Jump to 8mins if you want the intro. Or instead jump to 11mins for the technical part of the talk:
really? it sounds like they only put a few megs worth of storage in the thing, is it that hard to make Mars-ready storage that they prefer to do an apt-get across space?
still it's a cool video, it's interesting how they fine tuned the trajectory etc
You have radiation belts while leaving earth, cosmic rays and solar particles on transit and on mars, etc. They really mess with electronics, which is why they are usually made from specific materials, heavily shielded and also incorporated in redundant topologies (identical systems may 'vote' for a calculation result or have a backup kick in when something goes wrong).
That's only looking at radiation ... they have to operate in stupendously vast temperature ranges without missing a beat too. Very challenging stuff.
White-Balanced is basically - Pick some thing you know is actually white, Auto-Adjust everything to suit. So basically 'fuck with the colours until it looks more natural' as you're use to seeing colours with a very specific filter (Earth Ozone) and Mars has different 'filters'.
People do it all the time with Scuba photos for the same reason.
Wow it's covered with crap. I wonder if that is because of wind or because it's moving so fast and kicking stuff up.
It moves very slowly and AFAIK it has not moved at all yet The rocks and stuff would have been kicked up during the descent from the sky-crane - the eight sky-crane rockets created the four greyish indents in the surface on the above colour panorama.
Need to put some streetview tech on the next rover, and create a drive-around-mars webapp..
TBH the place is pretty freakin boring. I'd still volunteer for a manned mission though.
The article goes into detail about the optics and photographic sensors on the rover and shows the white-balance/calibration target that's used for the adjustments. If you see really dull and orange images without any sort of sunlight "brightness"/glare, chances are it's a raw image that hasn't been processed yet.
Conspiracy theorists poop their pants every time 'processing' is mentioned, thinking there's some sort of coverup involved.

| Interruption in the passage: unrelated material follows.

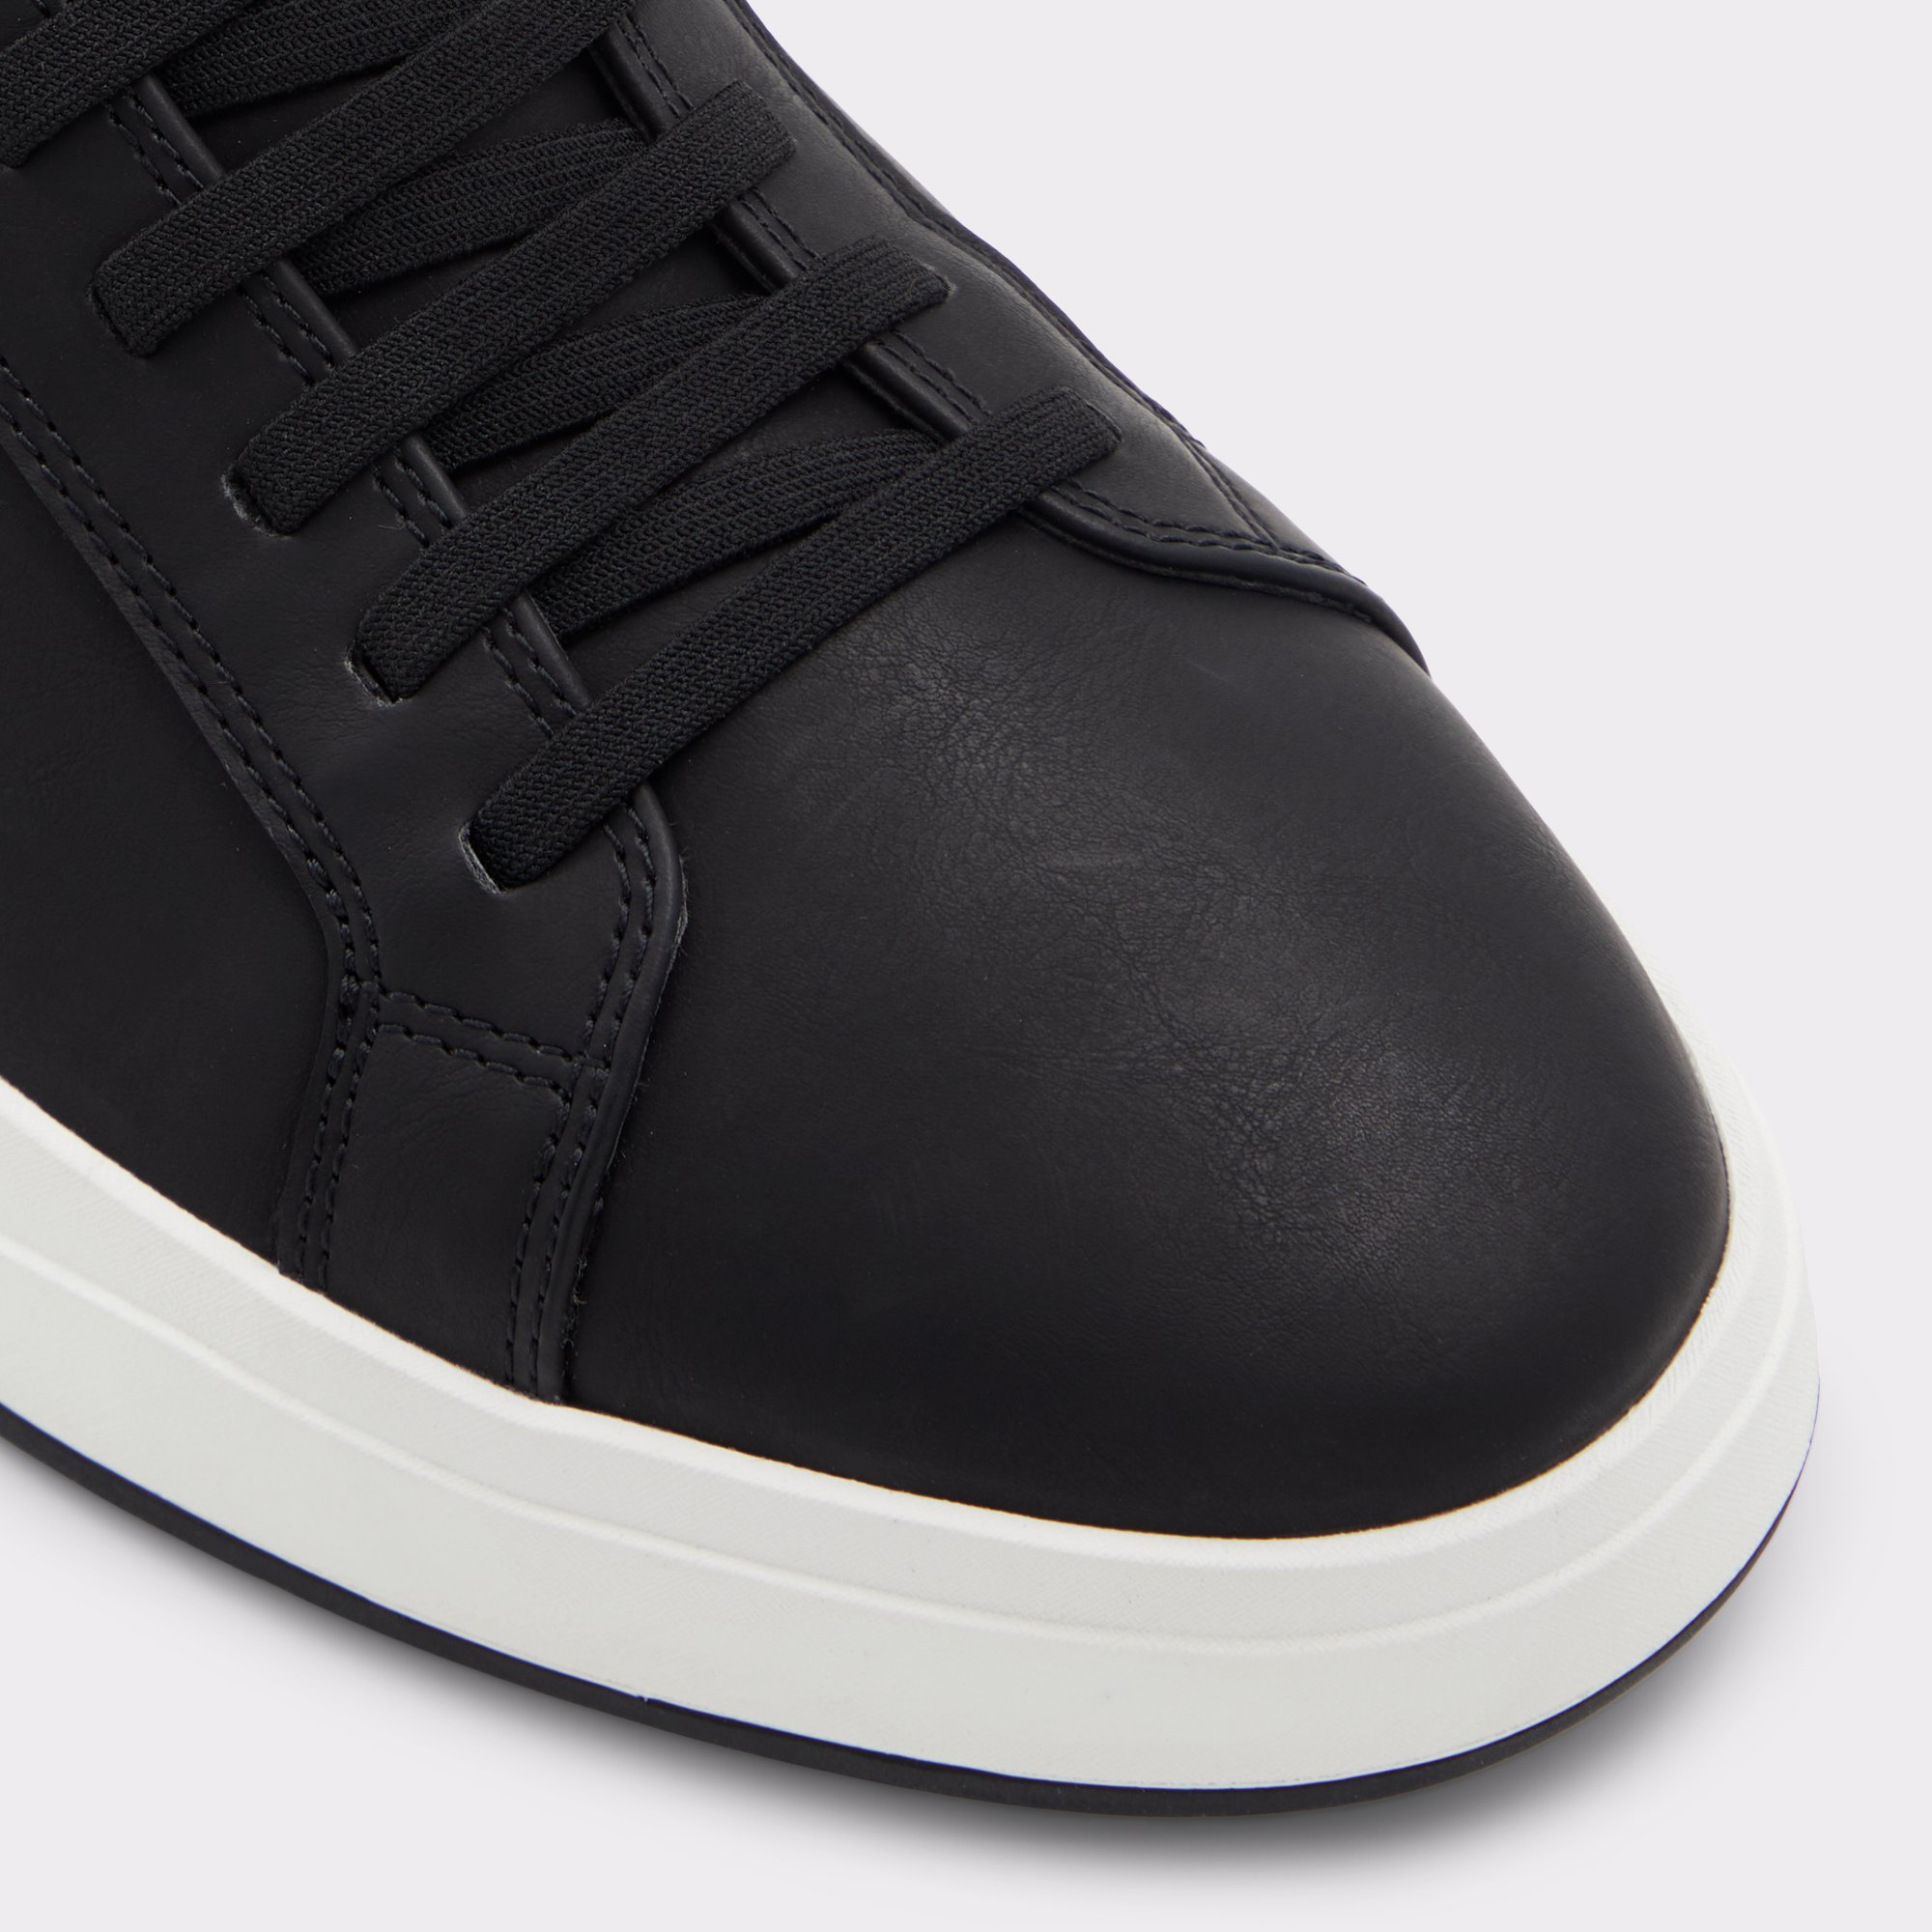 Invictus Black Synthetic Smooth Men's Sneakers | ALDO US

^ to be fair, there are conditions that would allow the martian sky to be some shade of blue - but that's only in a certain time of the day and only if there is no dust floating around and depending on cloud cover, etc. It's not like on earth where the sky is blue for 90% of the day ...
Good idea, mental, but there's nothing to see. Would be better if there was actually stuff at the different sites to see. Even coarsely drawn, simplistic versions.
Heh, NASA surely just freed up their entire recruiting budget to go towards actual science because that YT should about do it to get the next generation of JPL techs. "We're fucking awesome, come be fucking awesome with us."